__Work order__.
Set down the data below without change, skipping the pictures it holds.

__Provided material__.
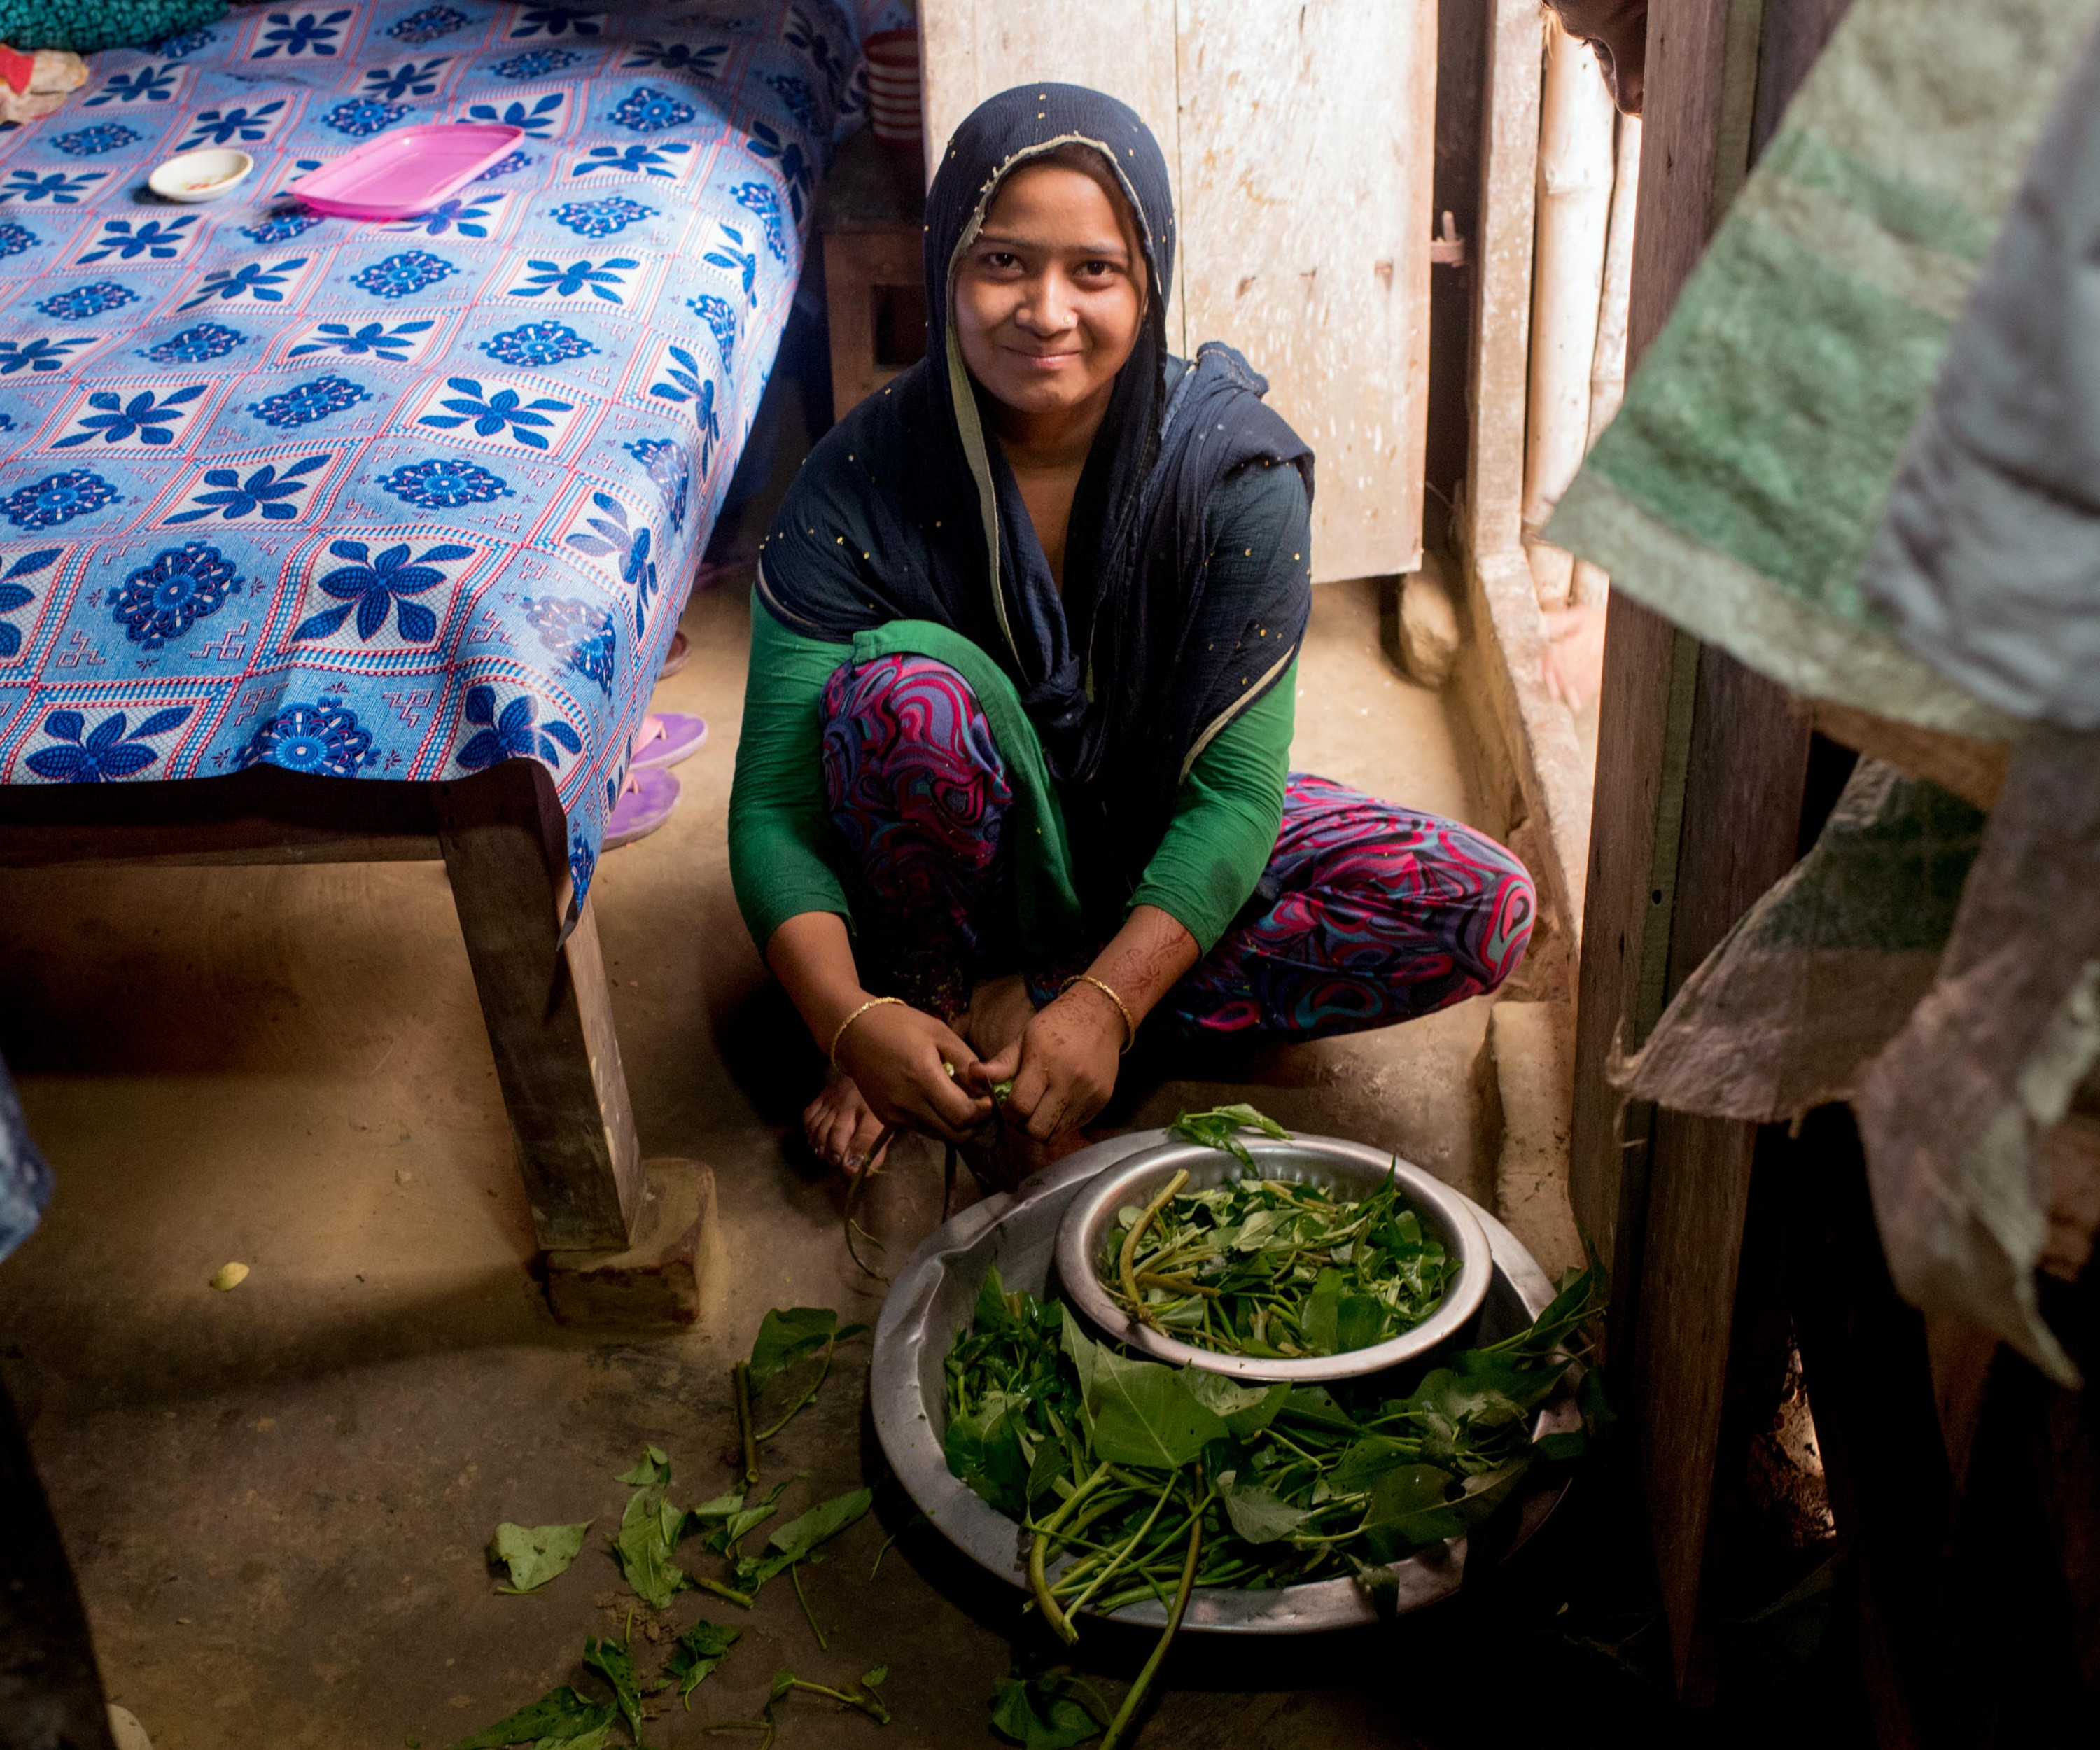 A Bangladeshi woman cuts vegetables inside her home.
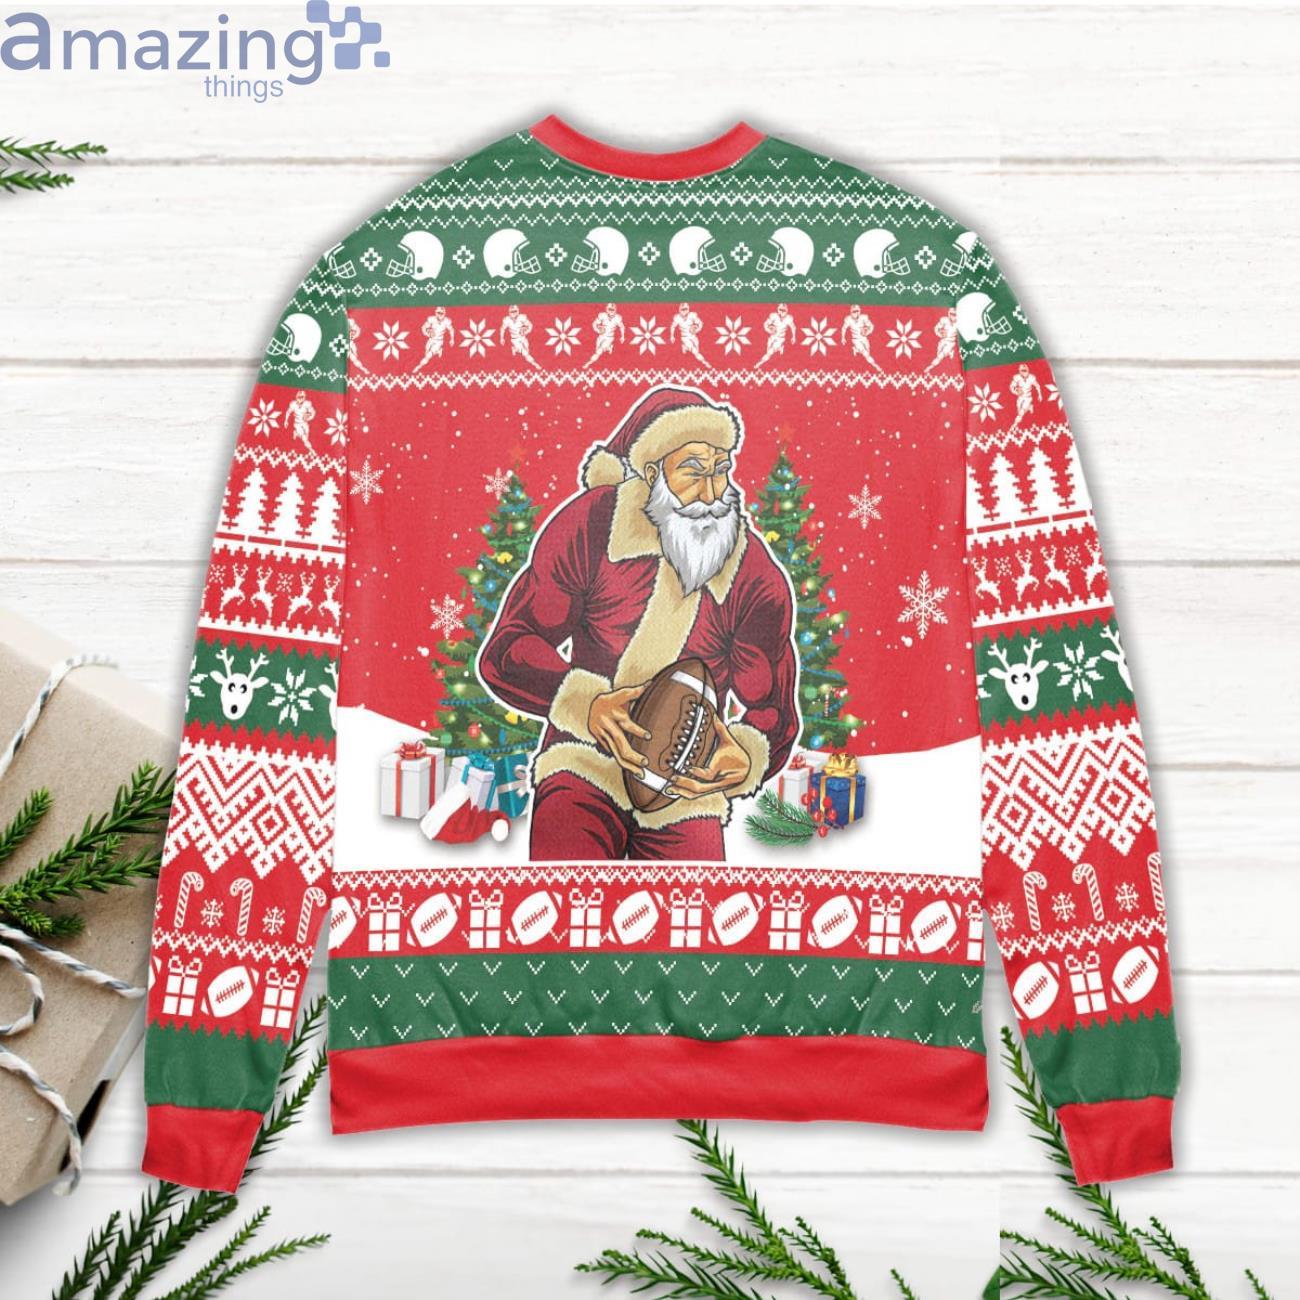 Winnipeg Jets Santa Hat Snowflake Ugly Christmas Sweater For Men And Women  Gift - Banantees
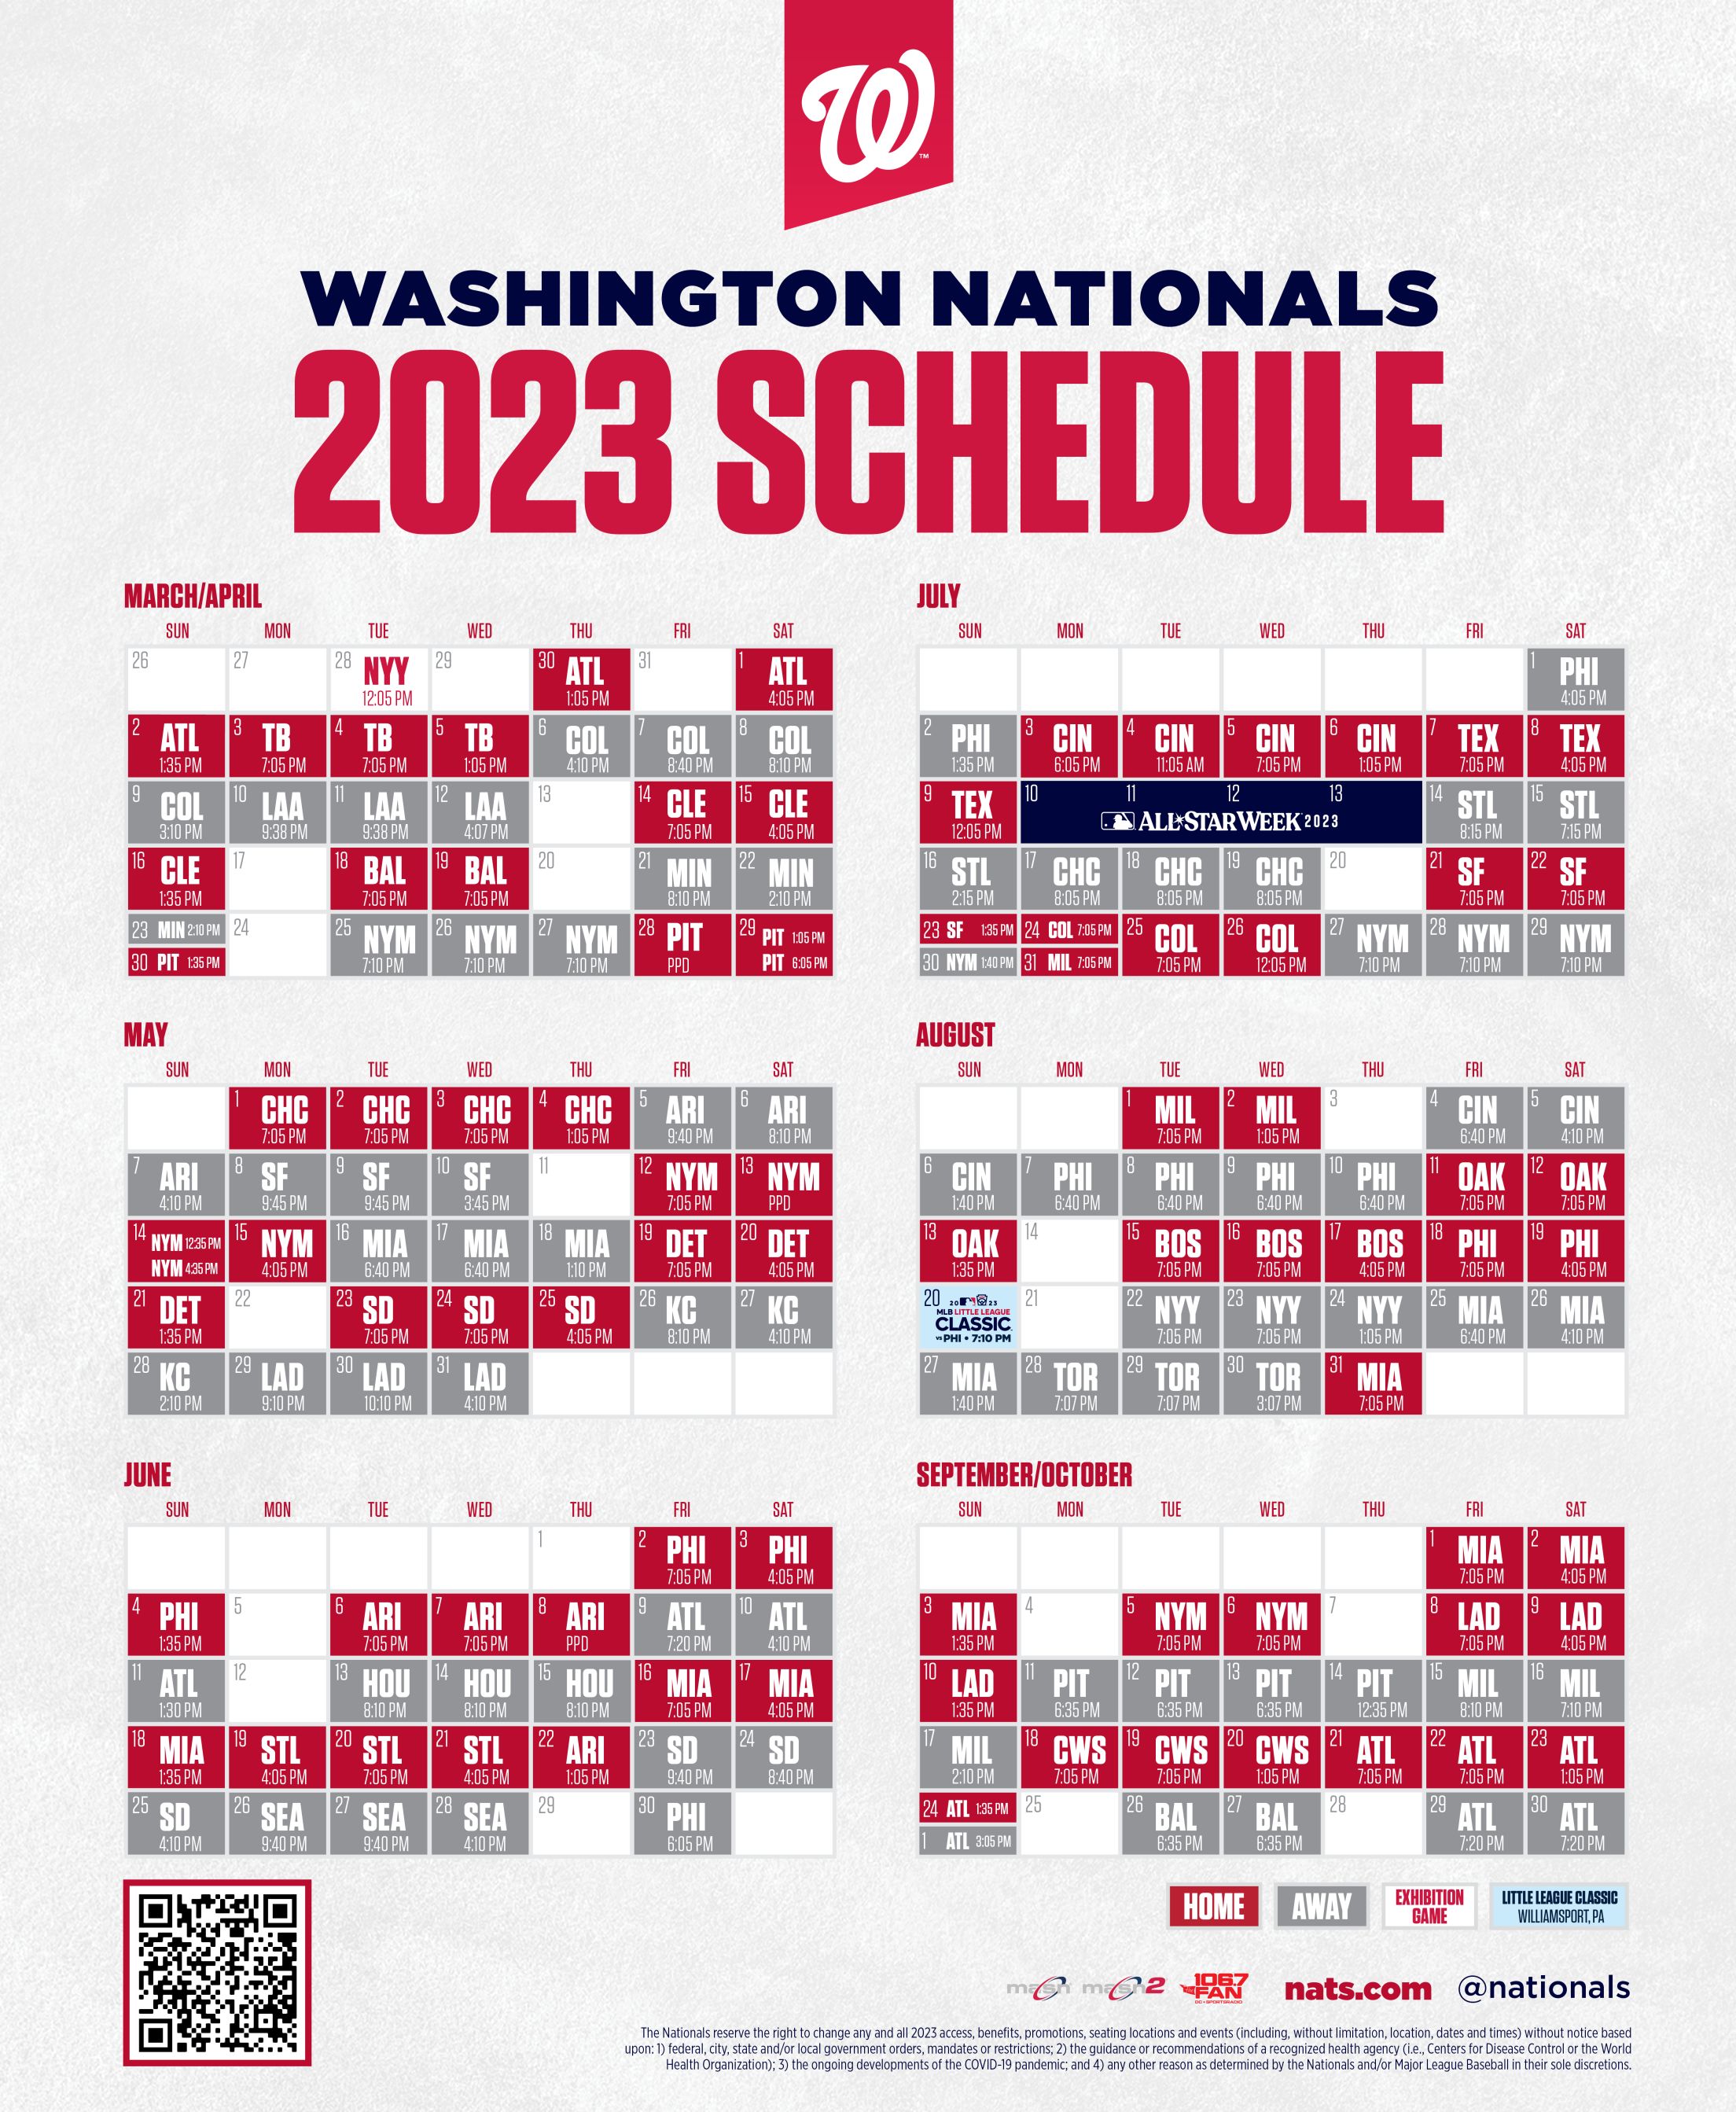 Washington Nationals' 2023 Regular Season Schedule

__Output__.
 A Bangladeshi woman cuts vegetables inside her home.
 Winnipeg Jets Santa Hat Snowflake Ugly Christmas Sweater For Men And Women  Gift - Banantees
 Washington Nationals' 2023 Regular Season Schedule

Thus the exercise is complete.